Also, there's clearly a difference... If I run around in WvW with my guild (private tag, because no we don't want you around us) and we're about to jump into a 15v30 fight, but some pug comes around in our smokefields and gives our advantage away, yeah that's a good way for that 1 pug to spoil the fun of 15 others.Same thing for PvE I'd figure. You want people who know what they do, understandable, carrying dead weight is heavy work.You're fine with casuals who just want to have fun in their own way, understandable too.

You do you, nothing's stopping you in any part of this game to do what you want to do, the tools are there.

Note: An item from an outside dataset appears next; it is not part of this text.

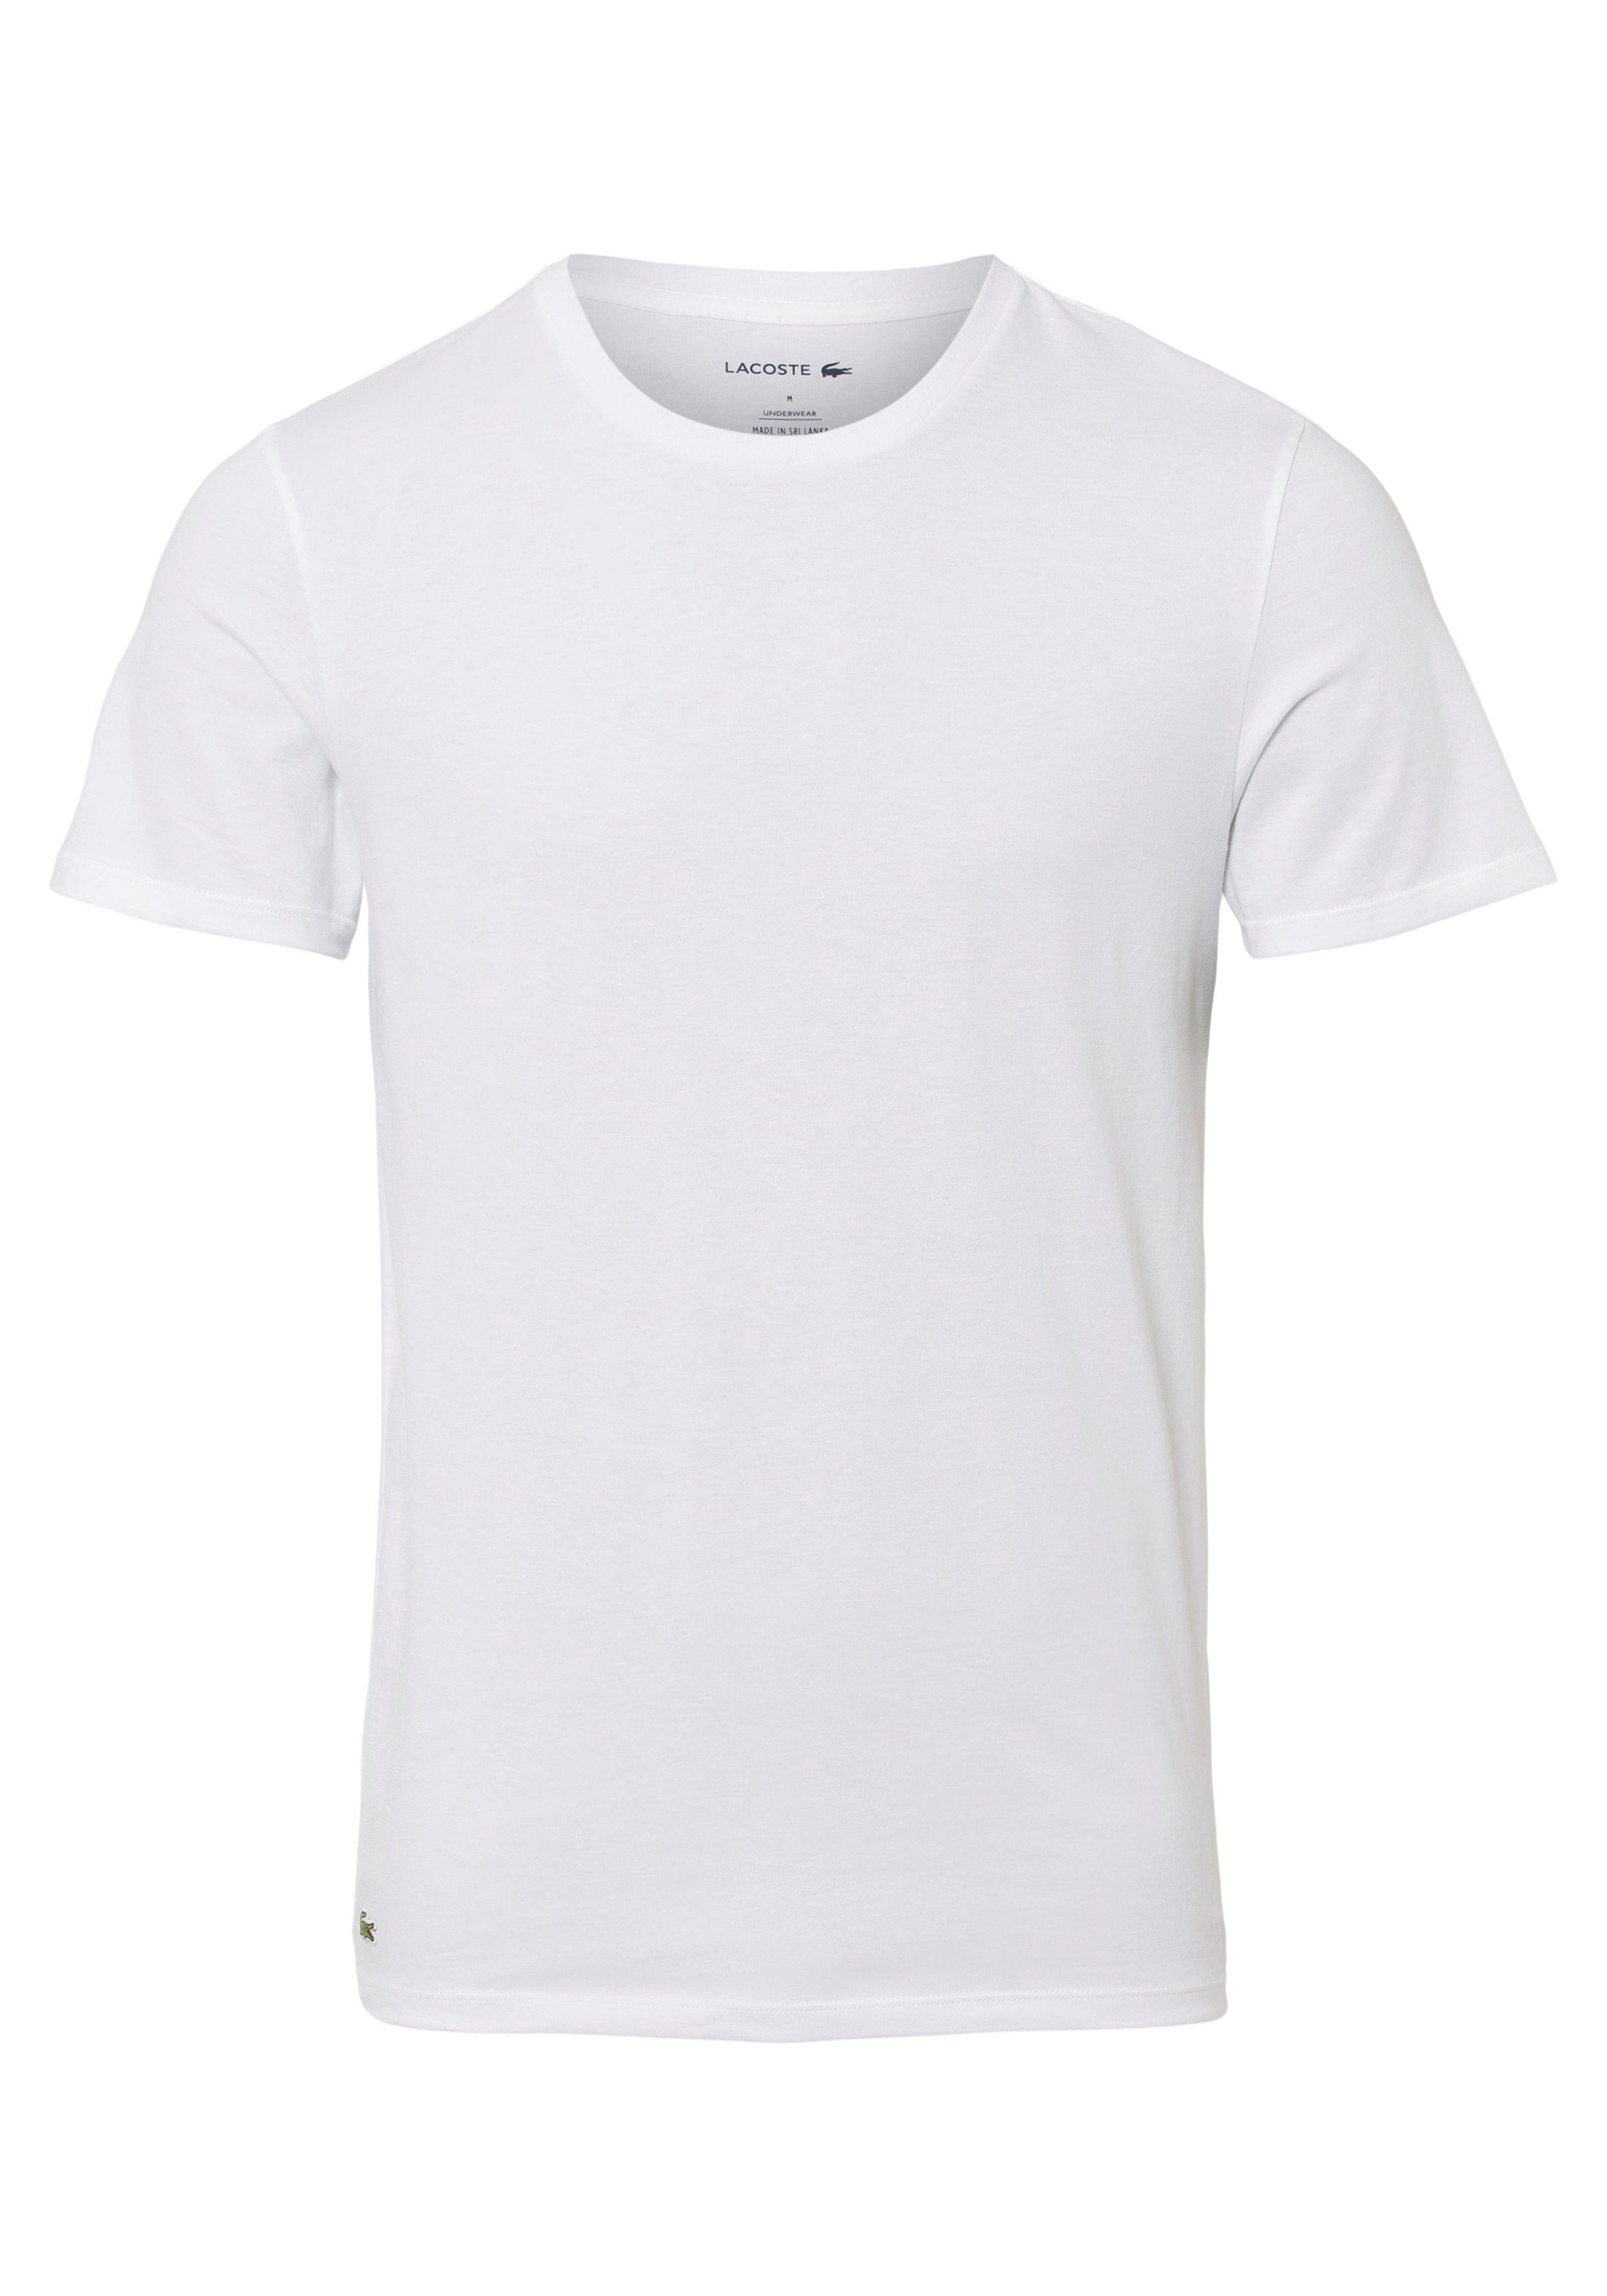 Lacoste T-Shirt (3er-Pack) Atmungsaktives Baumwollmaterial für angenehmes Hautgefühl weiß | Unterhemden

GW2 is really not a hard game (if you're not trying to reach the top 0.1%), with a bit of explanation, most people can perform very well. I'd just wish more players would be willing to give noobs a chance to learn, and teach them. Training groups can be tedious, and Guilds can be slow to form a group.

To be fair, I'm not really sure what to write anymore on this topic, especially after reading all those comments. Whilst I do think that no li should be asked for strike as they are really not that difficult, I also understand players valuing their time. However GW2 is a game, and a game is made to be enjoyed, if you really value your time, I'd say just have a static for everything (raids, fractals, and even strikes), that way you can run whatever you want, and have extremely performing players.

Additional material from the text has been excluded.